Лежал один я на песке долины...

Уступы скал теснилися кругом...

И снился мне сияющий огнями

Вечерний пир в родимой стороне...

Ум осаждали странные видения. Вспомнился рассказ одного штабс-капитана, который сутки пролежал под горой Ахульго, истекая кровью, в безнадёжных мыслях о невесте... «Не хватало ещё, чтобы посреди бала мне померещился ваш труп!» Ба! Да это же голос Катишь, ныне Хвостовой. Он послал ей, уже замужней, свой портрет. Гордячка. Не захотела даже взглянуть. Отослала обратно, не разворачивая. Он так долго отдыхал от пламенных глаз Катишь, от её вздорного, неотвязного когда-то образа, что сам уже не знал, чего в нём больше — ревнивой досады или позднего понимания? И вдруг почувствовал, что улыбается. Губы сами собою шептали:

Катерина, Катерина,

Удалая голова...

То, ЧТО написал на голубом листочке в альбом Сашеньке Верещагиной... то есть баронессе Хюгель. Собственная юность улыбалась ему через года.

Глубоко вздохнув, он обтёр тыльной стороной ладони мокрые глаза и, успокоенный, стал спускаться вниз, на звук сигнального рожка.

Ещё несколько переходов, и на горбатых холмах завиднелись всадники с флажками на длинный пиках — дозорные Темир-Хан-Шуры. «Шамиль есть?» — шутливо спрашивали солдаты в ближнем ауле. Хор детворы охотно отвечал: «Шамиль йок!» Действительно, Шамиля след простыл, хотя наведывался он сюда часто: за перевалом был его родной аул Гимры.
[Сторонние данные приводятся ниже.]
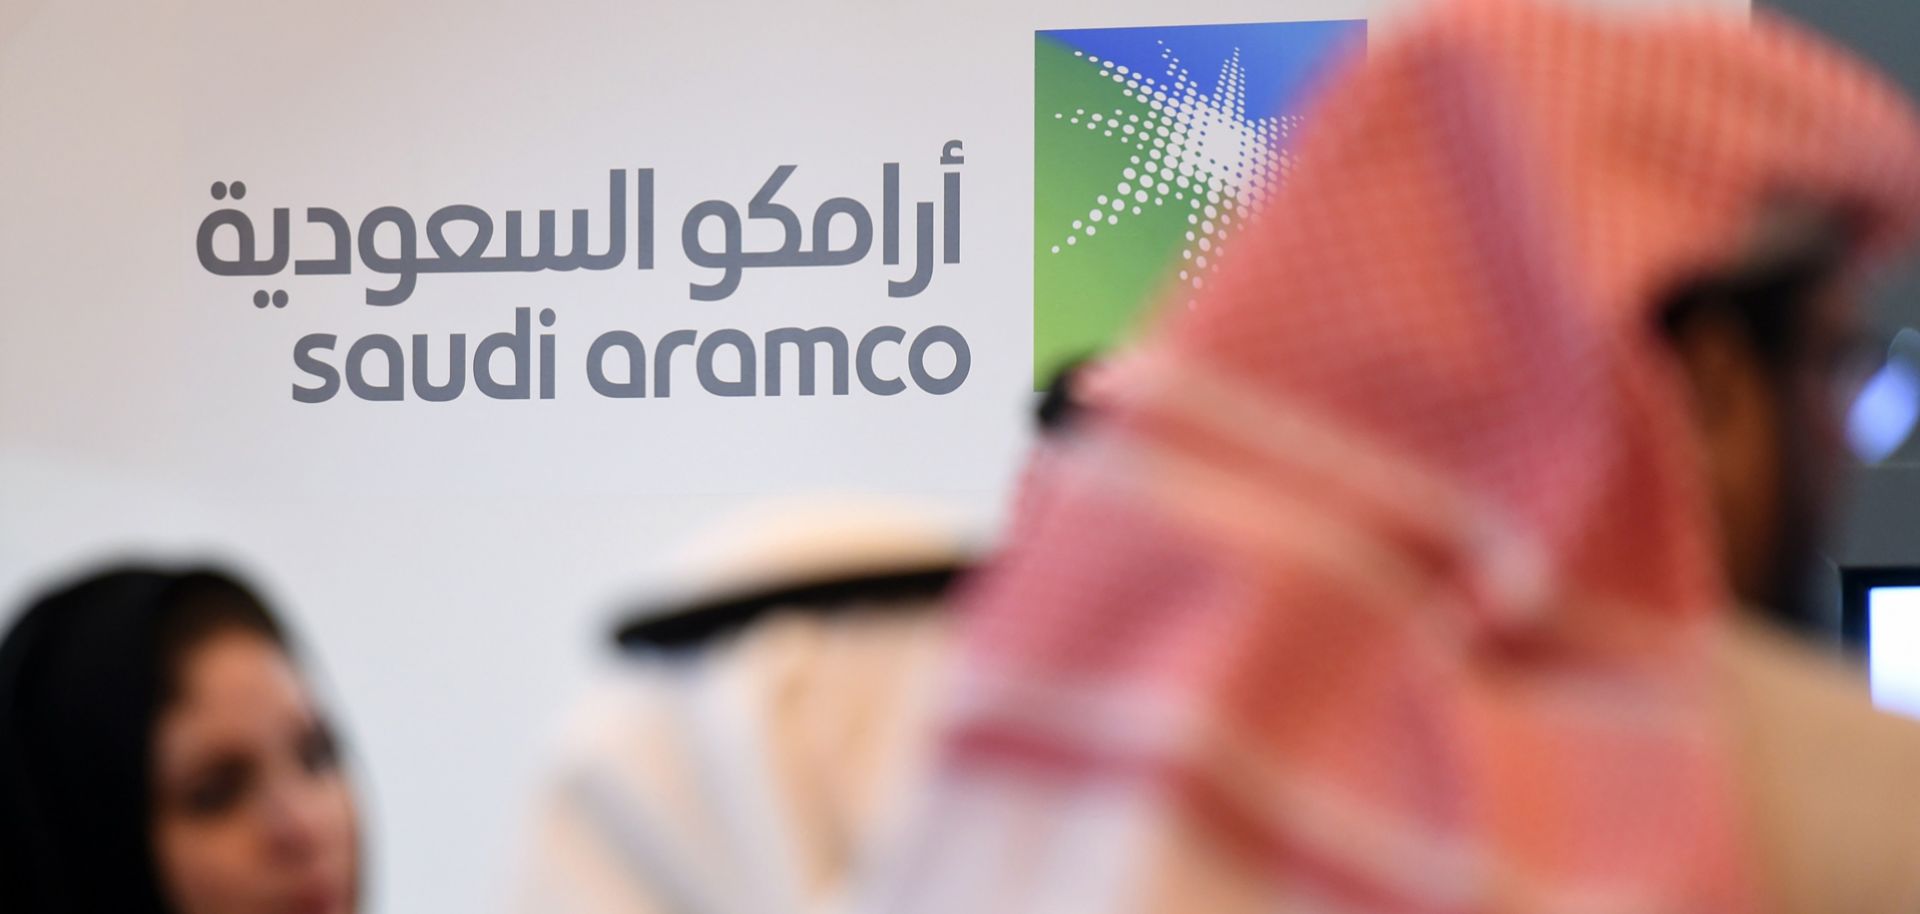 Saudi Aramco has long been criticized for its opaque practices, but the company is in the process of making its operations more transparent.

Пока солдаты чистили лошадей, смазывали колеса повозок. Палён сделал набросок нескольких офицеров на привале: Ламберт протягивает бутылку, Лермонтов, стоя вполоборота, держит стакан, Долгорукий прилёг, подпёршись рукой...

После долгого марша Шура показалась обжитой, даже уютной. На незамощенных улицах кроме цейхгаузов и казарм стояла церковь, был госпиталь, трактир, лавки. Прогуливались дамы под зонтиками. По четвергам в крепость спешили со всех окрестностей арбы с сеном, дровами, виноградом, посудой и знаменитыми базалийскими кинжалами. Главную улицу освещало несколько фонарей.

На заходе солнца Лермонтов взобрался на каменную глыбу, которая нависала над речкой, — отсюда был замечательный вид! Гимрийский хребет синел под облаками. Марево ложилось на его зелёные склоны, которые перемежались лилово-коричневыми проплешинами. Редкие сакли оживляли бесконечный простор белыми живописными точками. По долине между скалистыми уступами гнали овечью отару; ослики везли поклажу пастухов в высоких лохматых шапках.

Девушки шли с кувшинами к роднику у подножия скалы. Они слегка отворачивались от русских офицеров, но лица их не были прикрыты, и не одни глаза украдкой окидывали молодых Мужчин любопытным взглядом.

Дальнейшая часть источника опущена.